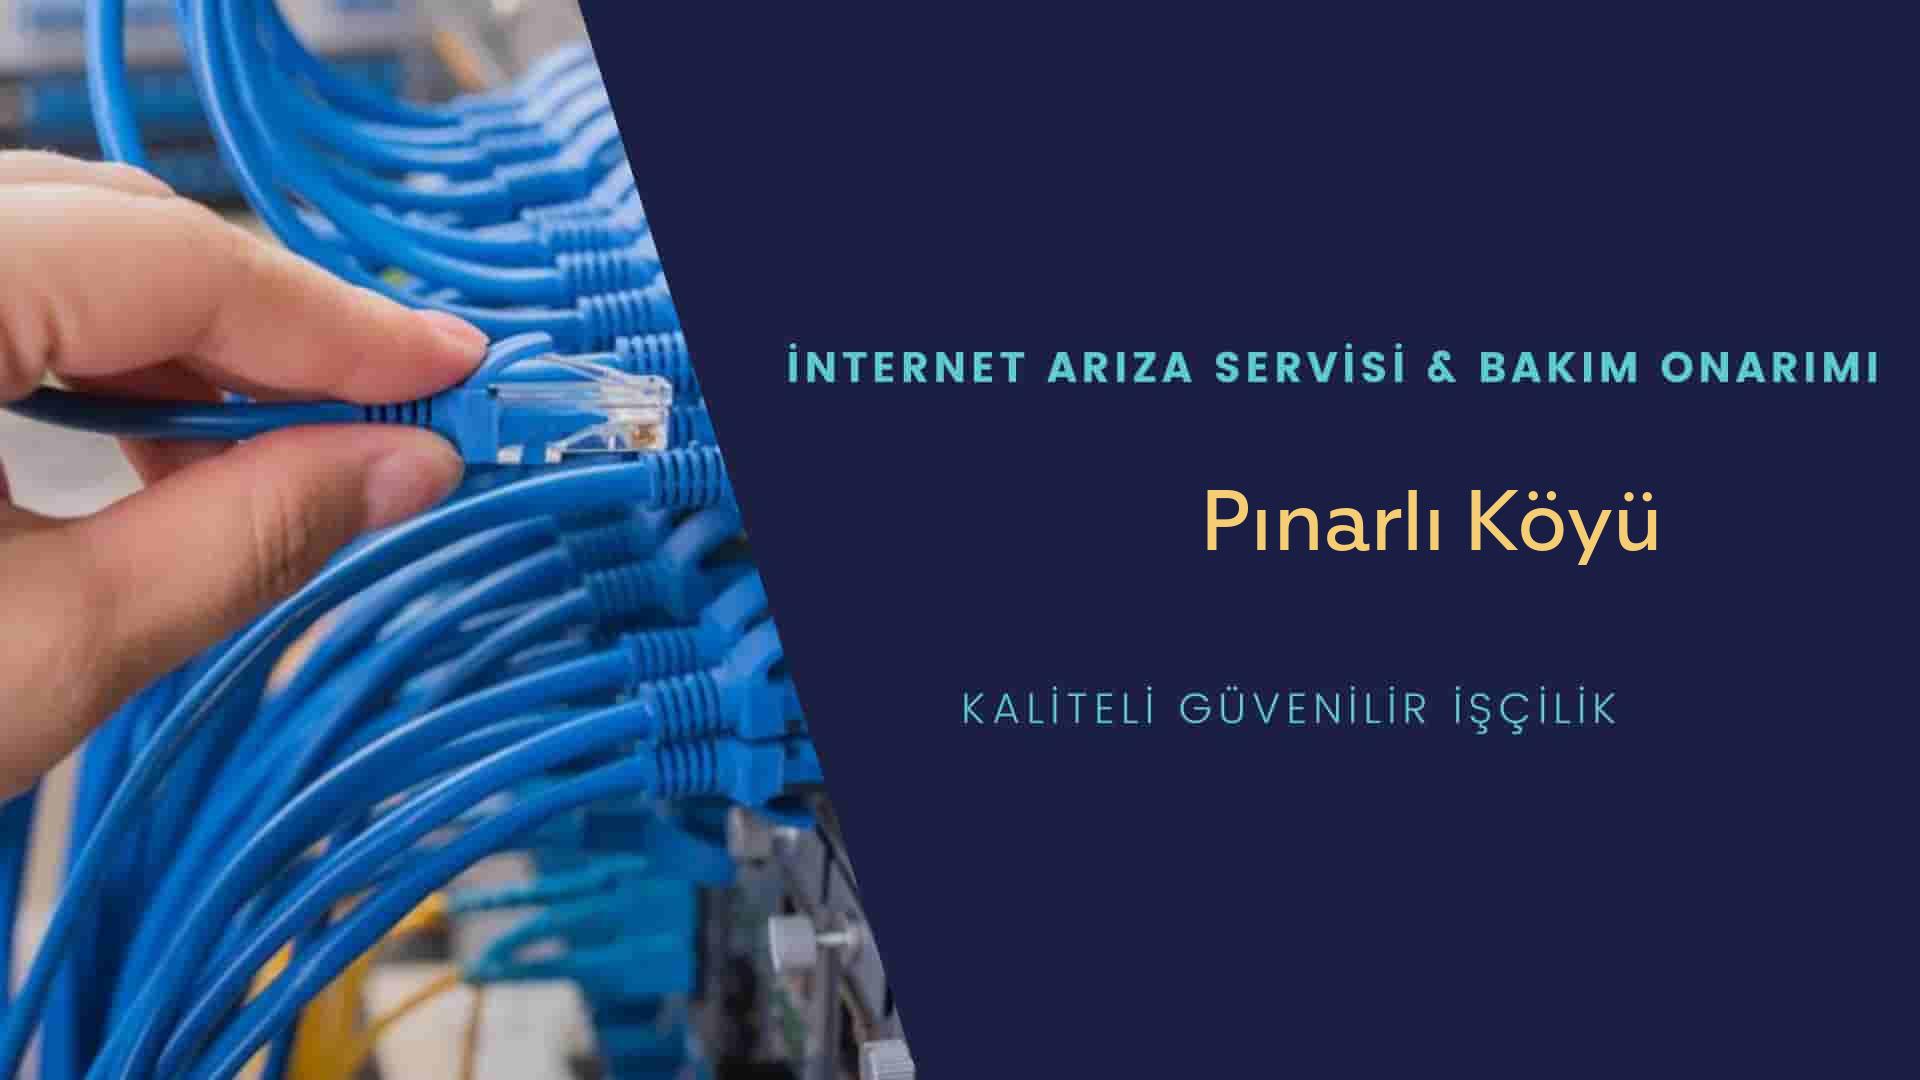 Pınarlı Köyü internet kablosu çekimi yapan yerler veya elektrikçiler mi? arıyorsunuz doğru yerdesiniz o zaman sizlere 7/24 yardımcı olacak profesyonel ustalarımız bir telefon kadar yakındır size.
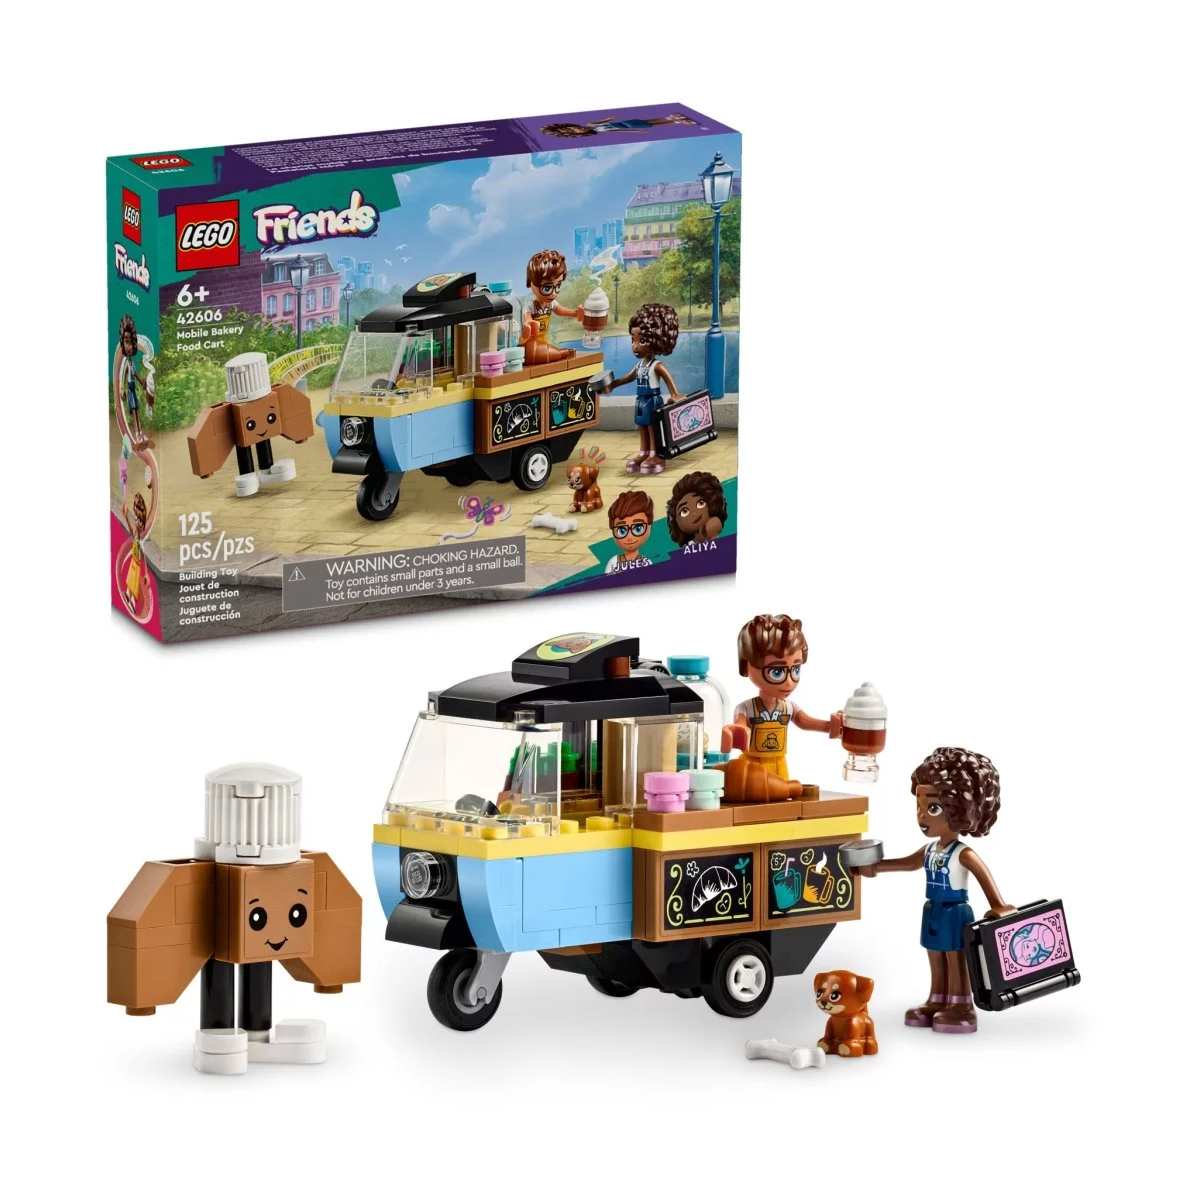 ролевые игры kid s concept игрушечный набор для выпечки Конструктор Lego Friends Mobile Bakery Food Cart 42606, 125 деталей
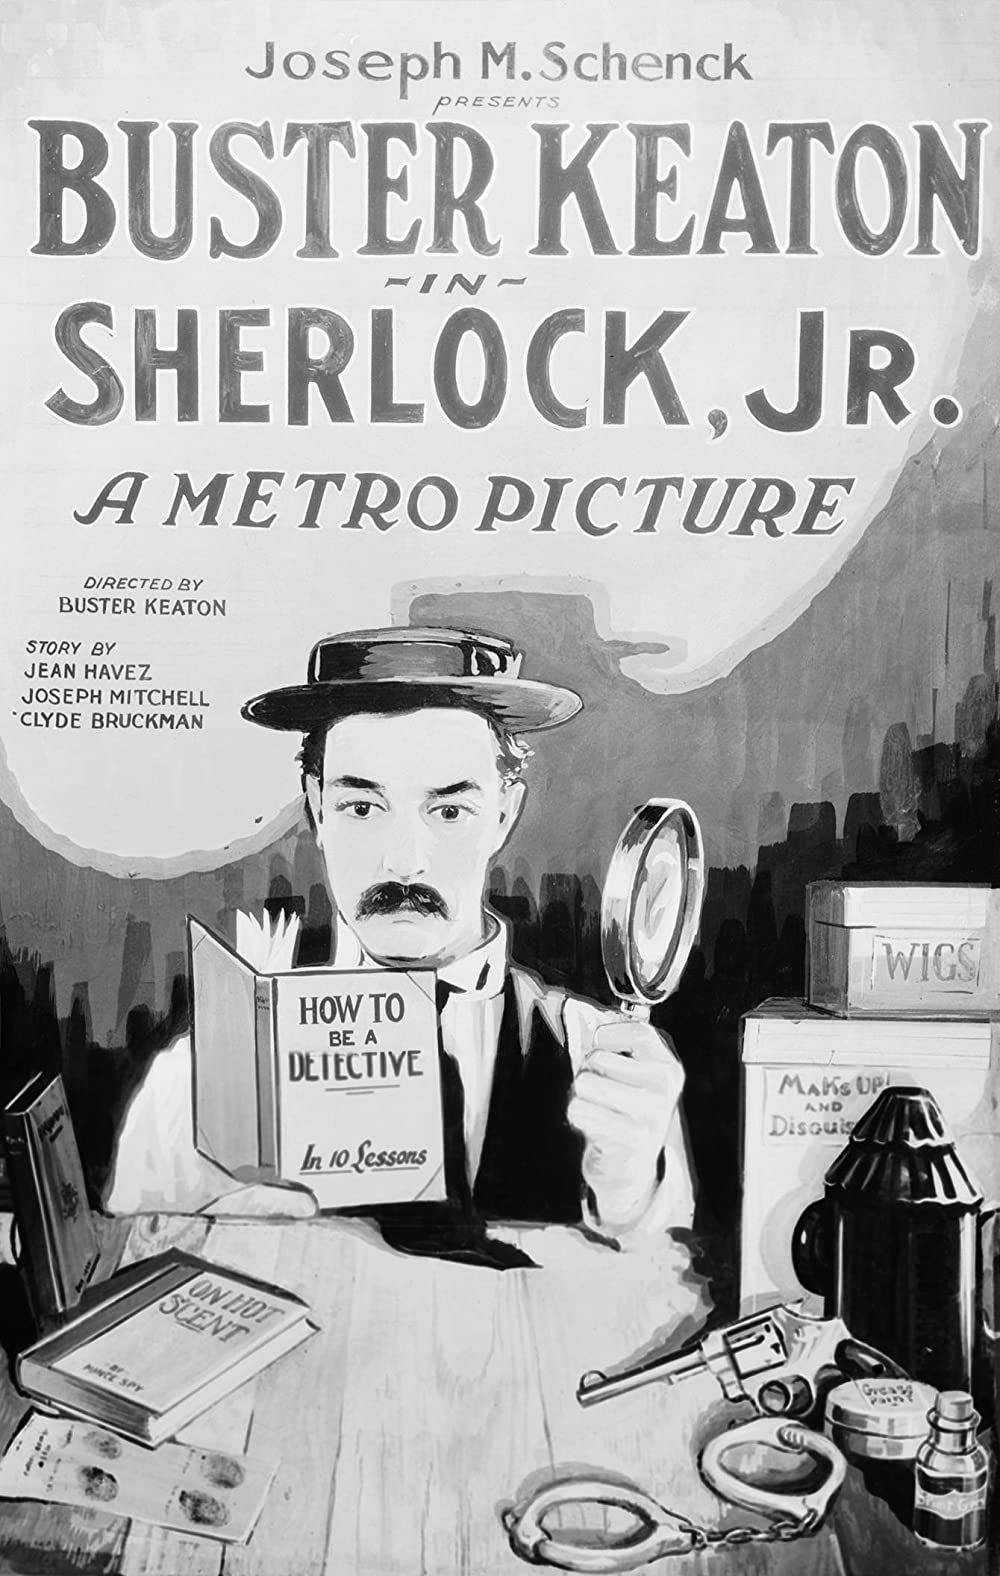 Filmbeschreibung zu Sherlock Jr.
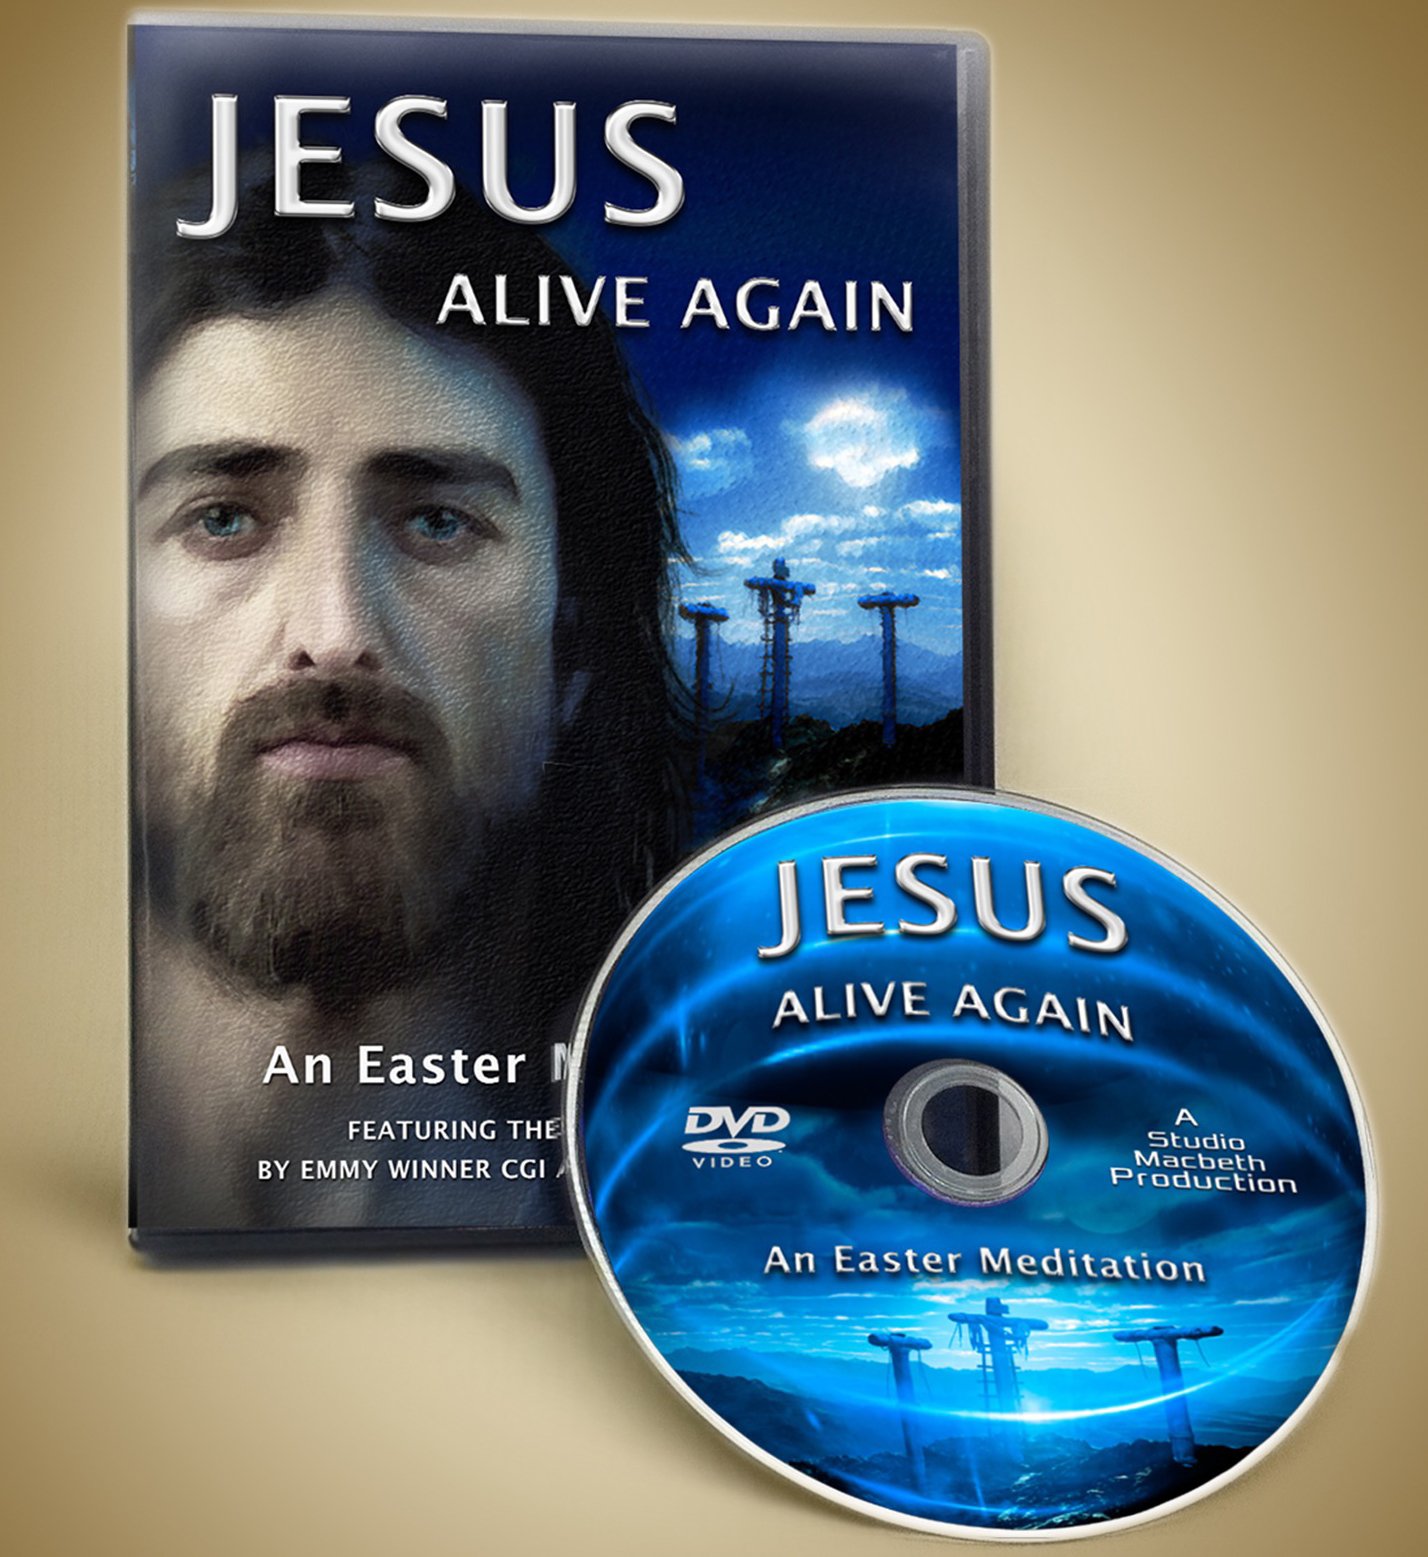 Jesus-pictures-DVD 3.jpg

BRIEF: A word-for-word repeat is expected of the lines from the one with "Filmbeschreibung zu Sherlock Jr." to the end of the data, both included; pictures are not part of it.

ANSWER TO THIS EXERCISE:
 Filmbeschreibung zu Sherlock Jr.
 Jesus-pictures-DVD 3.jpg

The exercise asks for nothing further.